As far as rifles, like someone else here mentioned, all the major (and most all smaller) companies have at least one and usually several models chambered in .223 Rem. If you were more interested in real long shots and lots of shooting, as in western prarie dog shooting, you'd do well to get a dedicated varmint rifle like the Remington VS or VS-SF or something similar from Ruger or Savage or for that matter, a Winchester still on the rack.

For a general purpose carry-around type rifle, I'd go with a standard weight Ruger Model 77 or Remington Mod. 700 or Mod. 7 or perhaps a Savage 110/111/112 type. CZ also makes some interesting bolt guns too. Don't discount the single shots either! H&R's Handi Rifle is likely the least expensive choice you have (new) and will get the job done nicely.
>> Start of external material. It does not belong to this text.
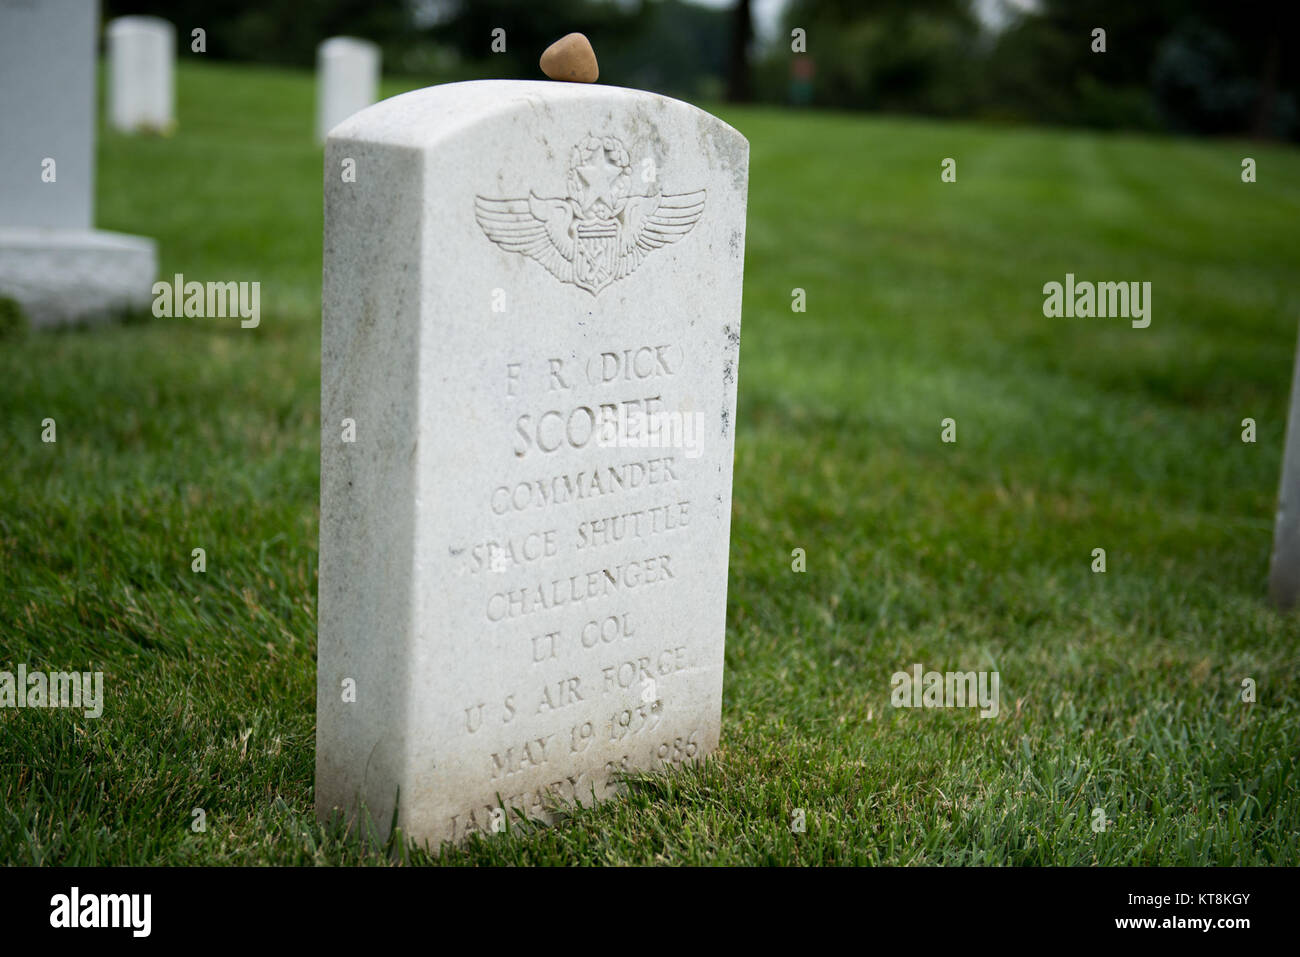 Lt. Col. Francis R. Scobee, U.S. Air Force, Section 46, grave 1129-4 of Arlington National Cemetery, was interred May 19, 1986. Scobee was killed in the Jan. 28, 1986, explosion of the Space Shuttle Challenger. An Air Force full-honor memorial service was held at the Old Post Chapel at Fort Myer. (U.S. Army photo by Rachel Larue/released) Stock Photo

Of course, the Ruger No. 1 is quite nice too but is much more expensive. There are also the T/C Contender(like Cabin Fever's shown on this post;http://www.homesteadingtoday.com/showthread.php?t=141164) and T/C Encore too!

If there's a gunshow coming to your area, check there first, else look around at www.gunbroker.com and see what they're going for around the country. Also, get an idea of used prices. You may even want to bid there and have one shipped to a local gun dealer for the transfer. It'll cost you a small charge for the transfer and also shipping costs but it will still likely be less than what you'd pay at the shop for theirs. Of course, it is nice to spend your money locally, so you'll have to weigh that decision.

Good shooting!
Dave


----------



## ericjeeper (Feb 25, 2006)

Going to a gun show here in a few hours. will se what is out there. I picked up a 45 colt long.. rossi single shot rifle the other day .. Plan on letting my son deer hunt with it.. using the .410 slugs


----------



## ericjeeper (Feb 25, 2006)

Nice new in the box rifle.223 with a tasco 3x9 scope. composite stock. nothing fancy nor expensive. 300 bucks out the door. Have not shot it yet due to the rain
dealer said it was boresighted so that will atleast get me on the target I hope


----------



## shadowwalker (Mar 5, 2004)

I have a Remington model 744 in .223. It shoots a 1 inch circle at 250 yards with no wind. I shoot 60 grain bullets. I found they shoot best in this gun at this yardage. It is a old gun, I bought used for $90.00 I had a 3x9 big game scope off of one of my elk guns and it works great. I redone the stock and glass bed the barrel myself. I use it on 9 for prarie dogs and marmots. Lower for yotes.


----------



## ericjeeper (Feb 25, 2006)

seeems to hold a pretty tight group at 75 yards.. and that was just using a fallen log for a steady rest. I will do some plinking when the woods dry up.


----------



## TnTnTn (Dec 23, 2004)

Yeah EJ you bought the rifle I was going to suggest as an excellent value. Most of them are super accurate and a nice bonus is they are inexpensive. 

There are lots of 'prettier' rifles out there but not too many that are going to be any more accurate. The Stevens 200 is a no frills no nonsense using rifle.

Ask your reloader to load some 50g Speer TNT bullets for you. They are deadly on coyotes and are less likely to richochet as the bullets are fragile. Good decision and good shooting. TnTnTn


----------